Please copy each line in the records below that contains the string "Girl".

[Recorded data]
──────────────────────────────

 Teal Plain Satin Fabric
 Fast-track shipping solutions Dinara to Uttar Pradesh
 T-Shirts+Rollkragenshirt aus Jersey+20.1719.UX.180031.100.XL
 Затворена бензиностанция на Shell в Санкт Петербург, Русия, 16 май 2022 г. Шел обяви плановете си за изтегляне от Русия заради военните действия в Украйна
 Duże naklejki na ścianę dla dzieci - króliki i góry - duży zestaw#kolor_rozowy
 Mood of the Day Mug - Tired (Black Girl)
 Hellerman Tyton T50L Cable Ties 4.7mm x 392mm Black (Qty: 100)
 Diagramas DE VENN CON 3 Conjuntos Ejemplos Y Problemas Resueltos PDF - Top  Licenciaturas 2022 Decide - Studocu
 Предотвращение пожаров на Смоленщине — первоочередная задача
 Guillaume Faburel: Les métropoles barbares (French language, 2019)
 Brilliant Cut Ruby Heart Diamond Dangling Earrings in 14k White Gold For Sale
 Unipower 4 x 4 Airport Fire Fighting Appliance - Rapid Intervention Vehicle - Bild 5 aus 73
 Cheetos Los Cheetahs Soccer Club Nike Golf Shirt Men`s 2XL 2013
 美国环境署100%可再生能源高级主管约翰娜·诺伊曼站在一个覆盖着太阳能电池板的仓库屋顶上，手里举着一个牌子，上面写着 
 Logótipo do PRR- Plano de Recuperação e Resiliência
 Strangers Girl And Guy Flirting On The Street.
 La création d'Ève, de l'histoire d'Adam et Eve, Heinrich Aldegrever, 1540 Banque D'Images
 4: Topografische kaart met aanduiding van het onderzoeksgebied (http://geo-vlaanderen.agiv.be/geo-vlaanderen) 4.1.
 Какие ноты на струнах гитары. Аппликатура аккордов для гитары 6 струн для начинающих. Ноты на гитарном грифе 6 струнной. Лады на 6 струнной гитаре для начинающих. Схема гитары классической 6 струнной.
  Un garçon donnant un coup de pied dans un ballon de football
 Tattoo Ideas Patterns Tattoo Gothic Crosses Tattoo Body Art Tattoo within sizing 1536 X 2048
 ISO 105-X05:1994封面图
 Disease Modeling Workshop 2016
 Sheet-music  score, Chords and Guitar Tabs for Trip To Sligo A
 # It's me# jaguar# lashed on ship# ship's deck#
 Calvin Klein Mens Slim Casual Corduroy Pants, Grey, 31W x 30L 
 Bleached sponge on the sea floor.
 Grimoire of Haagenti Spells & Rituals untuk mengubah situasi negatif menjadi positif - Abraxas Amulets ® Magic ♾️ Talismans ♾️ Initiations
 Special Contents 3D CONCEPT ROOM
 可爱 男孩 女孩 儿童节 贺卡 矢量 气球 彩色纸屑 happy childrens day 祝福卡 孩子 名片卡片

──────────────────────────────

◆ Answer space:
 Mood of the Day Mug - Tired (Black Girl)
 Strangers Girl And Guy Flirting On The Street.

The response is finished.